Olha a tendência Chanel, como ela viajou para um lugar com muitas praias, por dentro da capa de frio e gola pele, tinha um vestido com estampa navy

Ela ficou hospedada no apartamento do namorado, em Copacabana, no edifício Golden State, hoje Chamado Tancredo Neves, na avenida Atlântica, mas não teve sossego, era tanto o assédio da imprensa e da população, que ela quis voltar na mesma hora. Para poder ter um pouquinho de tranquilidade, ela fez um trato com a imprensa, uma coletiva no Copacabana Palace, que aconteceu no dia 10 de janeiro

Ao lado do namorado, que mulher charmosa!


Em colorido

Rumo a Búzios
O casal vai ao Iate Clube para fazer um passeio no iate Singoala, vão até Itacuruçá, em Mangaratiba, pegam um furgão e vão para um paraíso chamado Búzios.

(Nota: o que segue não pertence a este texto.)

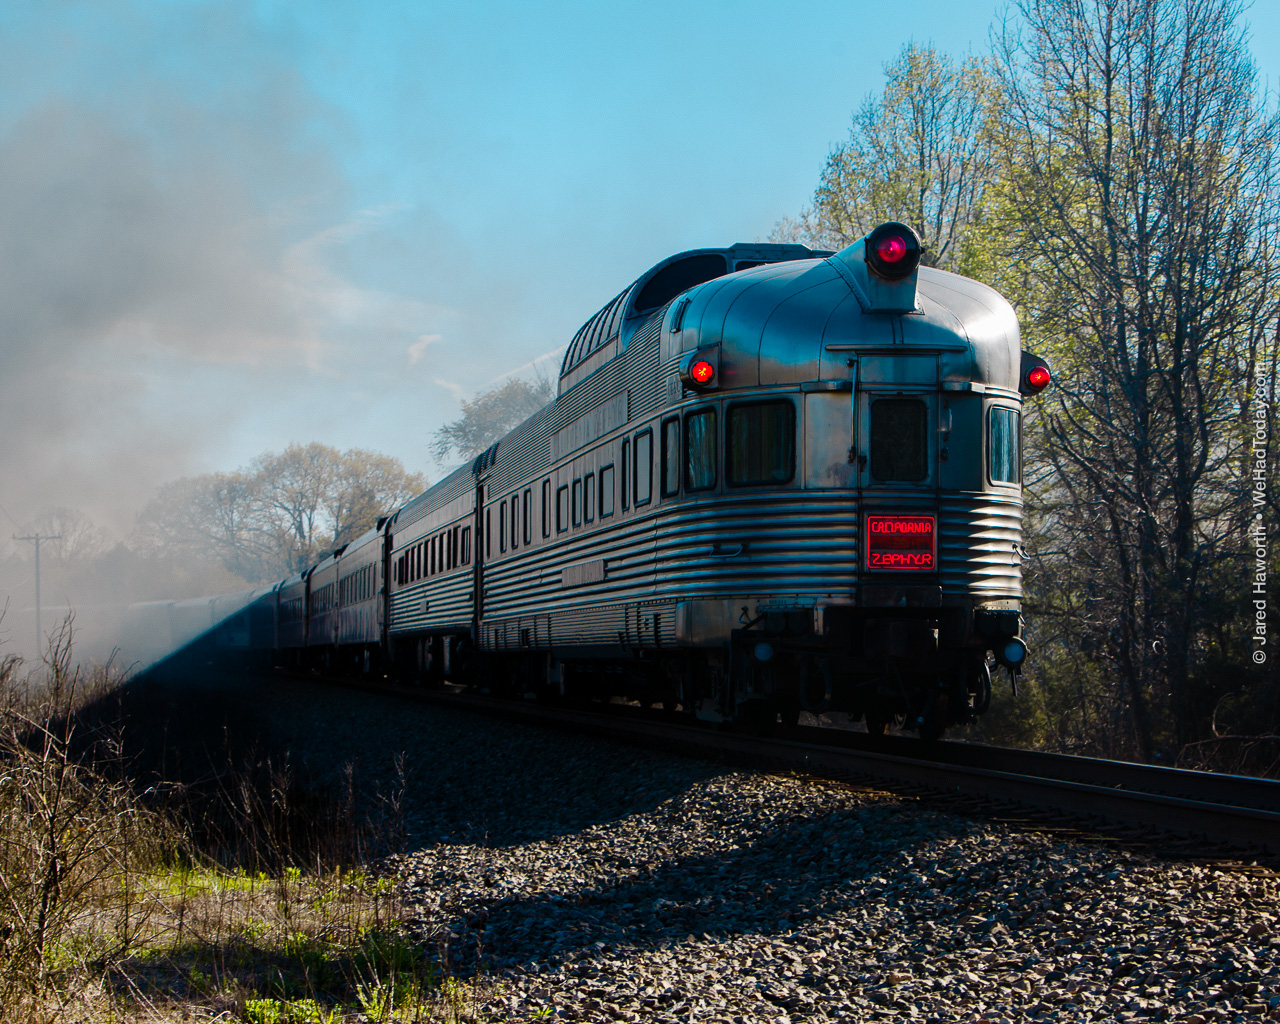 The California Zephyr observation car trails the Class J 611 excursion run on April 8, 2017

Em 13 de janeiro chegam a Búzios, na época, era um vilarejo de pescadores, poucas casas, sem eletricidade, sem água encanada, sem telefone e o melhor, como a população local não tinha acesso à mídia e nem rádio, claro que não podiam imaginar que aquela gringa era um ícone do cinema. Sem precisar dar autógrafos, Brigitte sentiu-se ela mesma, por isso vivia feliz. Ela descreveu seus dias assim:
“Na época era apenas uma aldeia de pescadores sem água encanada ou eletricidade. Vivíamos como Robinson Crusoé em praias selvagens e desertas. As ruelas (eram areais) cheias de leitões pretos e galinhas. Nós vivíamos de pesca, farofa, mangas e muito sol”.
BB (sigla de Brigitte Bardot) viveu em Búzios até o dia 28 de abril, do jeito que ela queria, sem assédio, sem maquiagem, os cabelos começaram a ficar com raízes escuras sem tingir, o fotógrafo Denis Albanèse passou um dia fazendo fotos dela em Búzios.
Com o namorado








Passeava pelo vilarejo de fusquinha

O biquíni era ultra moderno para a época
De sunkini e meia-taça


Eles ficaram hospedados na Praia de Manguinhos, na casa de um amigo, Andrew Mouravieff




Em preto e branco

Em colorido


A convivência com a população era tranquila, ela gostava de tomar leite de cabra, acordava super cedo para ver a saída dos pescadores para o mar, inclusive ajudava. Brincava com os animais e crianças, corria atrás dos porquinhos. Caminhava muito, da praia do Canto a dos Ossos, ela andava a praia toda. Cozinhava todos os dias, a comida era tipicamente mediterrânea













Chanel criou a moda navy para as mulheres, a qual achava ideal para passar férias no litoral, o estilo marinière


Brigitte aderiu à moda
Ela usou com calça jeans Mom e sapatilhas

Como não tinha água encanada, as mulheres armazenavam a água doce de poço em tinas




Ela passou mais de 3 meses em Búzios, depois retornou em 18 de dezembro, passou natal e ano novo na Pousada do Sol do cônsul da Argentina, Ramon Avellaneda, na Praia do Canto em Armação, ao lado do Pier da Rua das Pedras, que era um areal. Ela não encontrou o paraíso que deixou em abril, por causa da estadia dela, Búzios começou a ser muito frequentada e, consequentemente, infra-estrutura, mais visitantes, construções, não era o que Brigitte queria, a decepção foi grande, ela deixou Búzios em 8 de janeiro, rumo ao México ao lado do namorado, para gravar o filme Viva Maria! e nunca mais voltou


Como agradecimento, BB recebeu uma homenagem, é uma escultura em bronze que representa ela, uma estátua dela, vestida inclusive com uma das roupas que ela usou em 1964, a obra é da artista plástica Christina Motta, a inauguração foi em novembro de 1999, é um dos pontos turísticos e fica na Orla Bardot, uma outra homenagem mais que merecida


Orla Bardot

Rua das Pedras
Rua super charmosa com lojas e restaurantes

Ela nunca mais voltou, mas escreveu uma carta em 2014

Com vocês deixo um trecho da carta e o rosto de uma estrela de cinema, mas que era e sempre será uma menina, sem maquiagem e linda, como os franceses chamam, Au Naturel, como a natureza, sem retoques, somente a paz estampada no rosto

“Ali descobri o verdadeiro Brasil e a verdadeira paz. Guardo preciosamente a lembrança inesquecível de um pequeno paraíso onde eu corria descalça, acompanhada de um gato que eu chamava de Moumoume, maravilhada com os beija-flores, com os flamboyants, as buganvílias, a cor translúcida de um mar cheio de espuma e brilhante que me parecia um champanha azul e com o qual eu me embriagava”.